■ RECORDED DATA ■

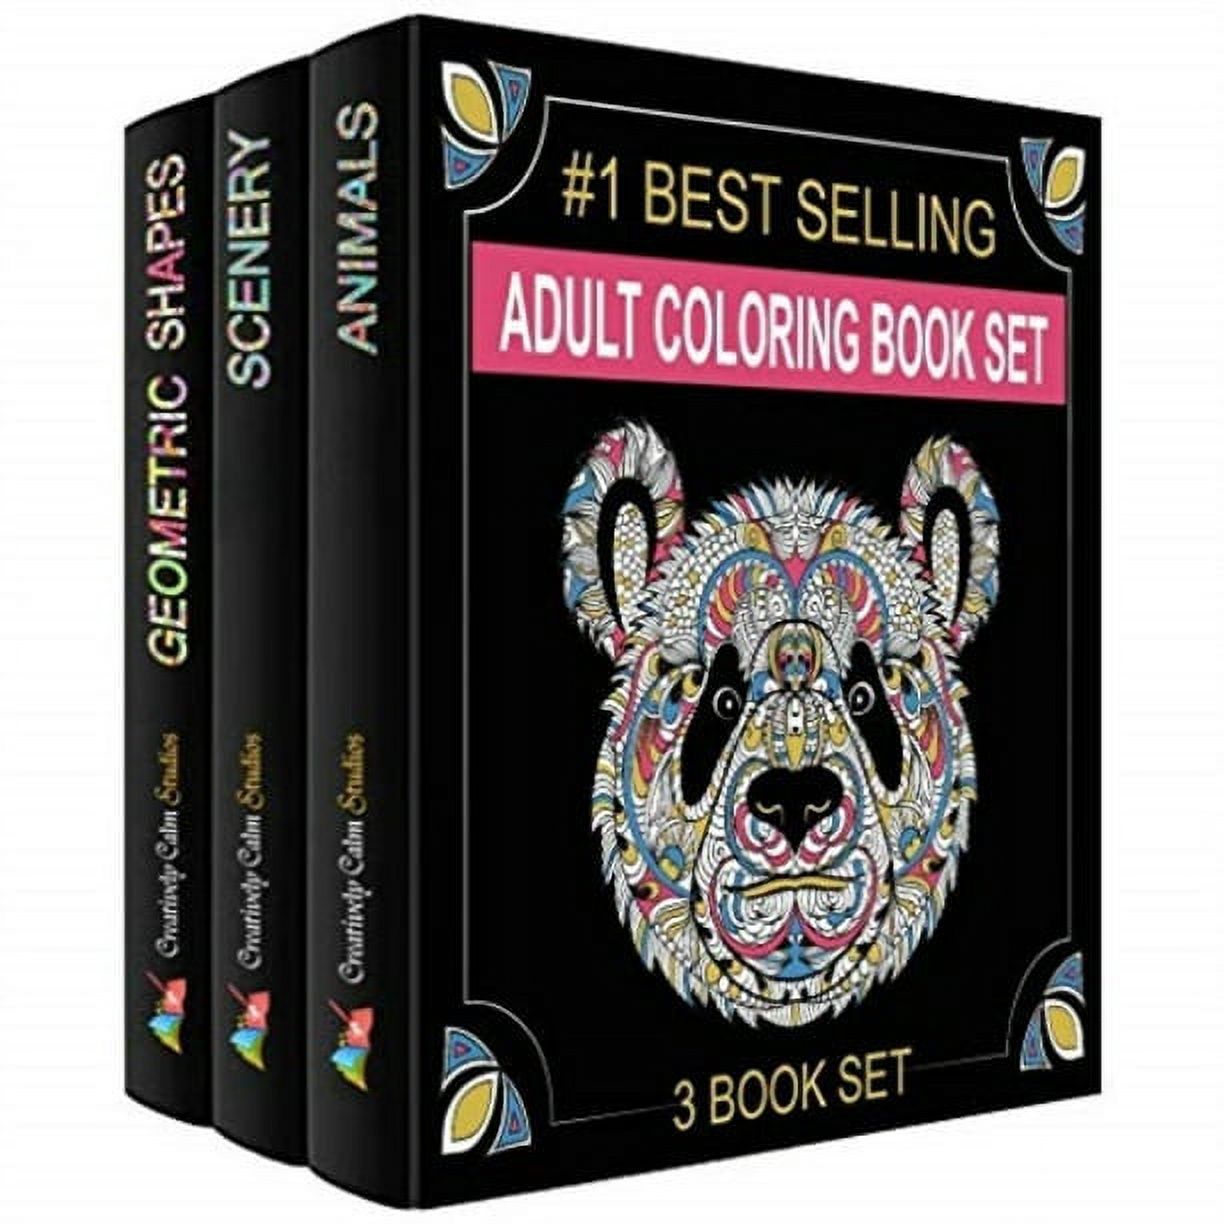 Adult Coloring Books Set - 3 Coloring Books For Grownups - 120 Unique Animals, Scenery & Mandalas Designs. Coloring books for adults relaxation. - image 1 of 5
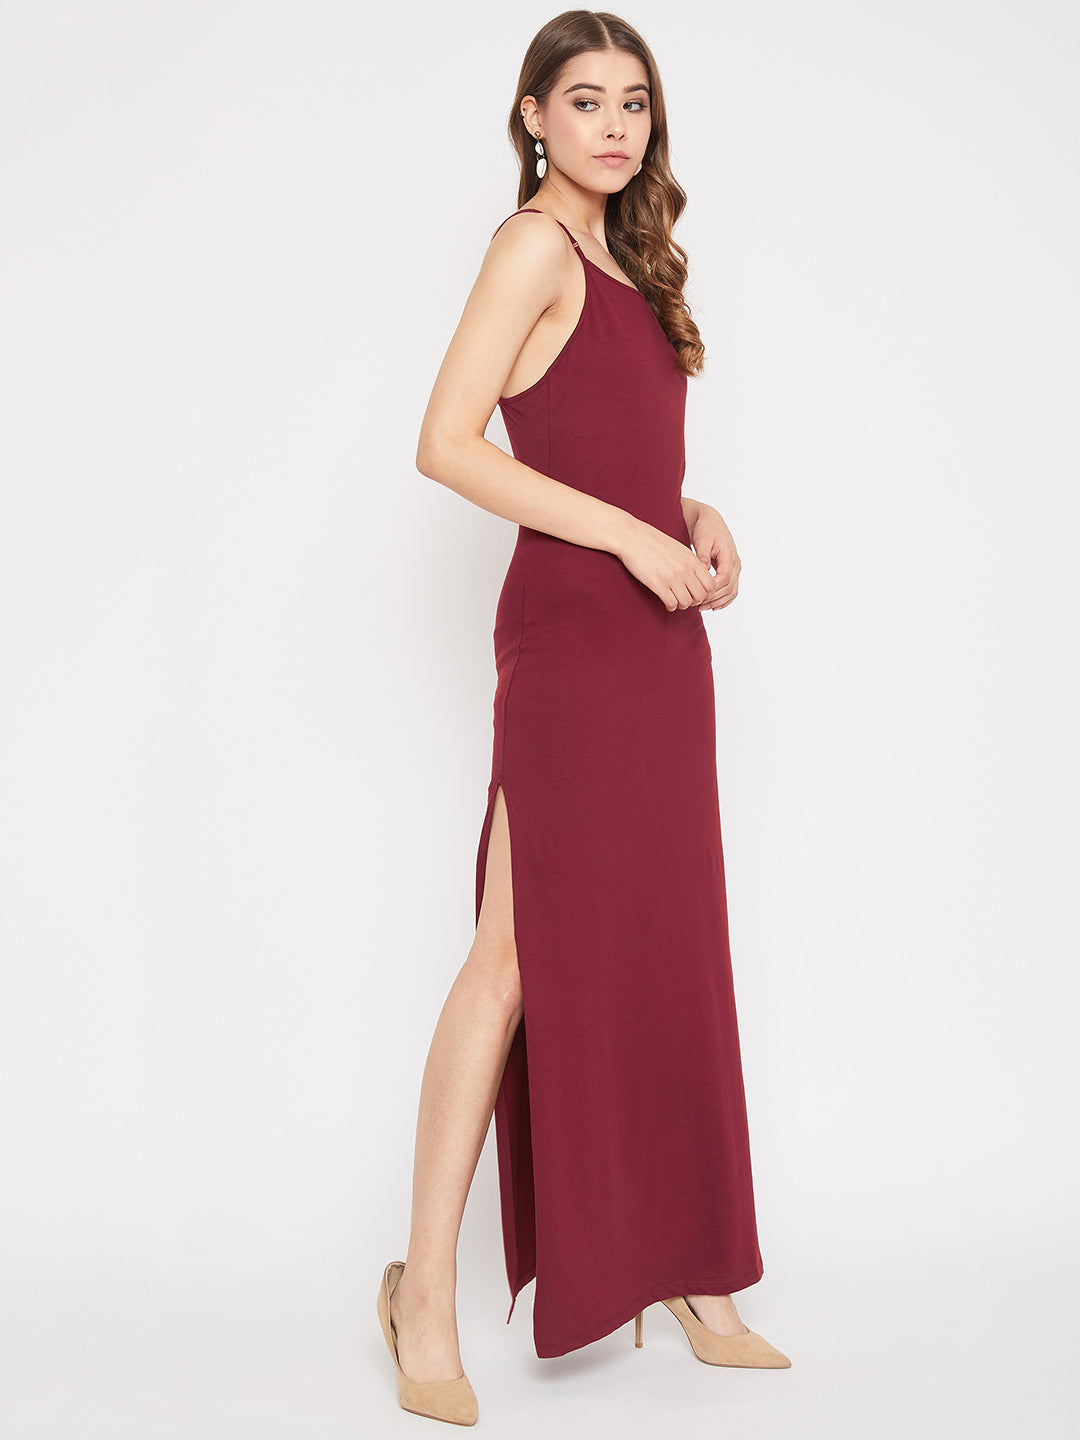 Berrylush Women Solid Maroon Round-Neck Thigh-High Slit Maxi Dress
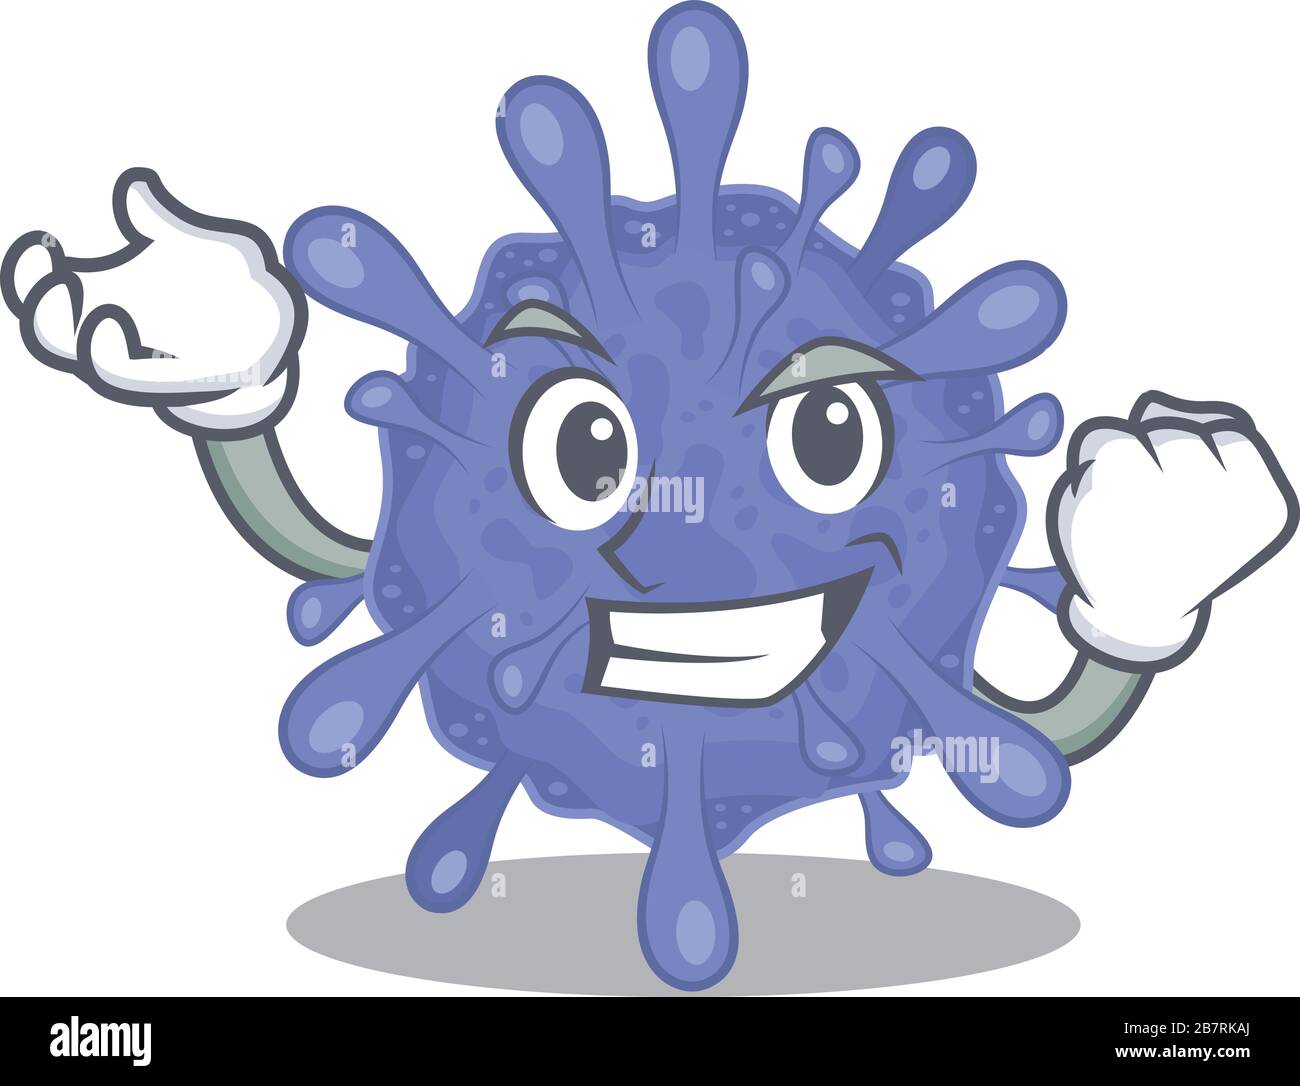 Biohazard viruscorona cartoon character style with happy face Stock Vector

■ WHAT IS EXPECTED ■
Every line from the one holding "Berrylush Women Solid" to the last line of the listing above, inclusive, must appear exactly as written, and no picture may appear.

■ FINAL ANSWER ■
 Berrylush Women Solid Maroon Round-Neck Thigh-High Slit Maxi Dress
 Biohazard viruscorona cartoon character style with happy face Stock Vector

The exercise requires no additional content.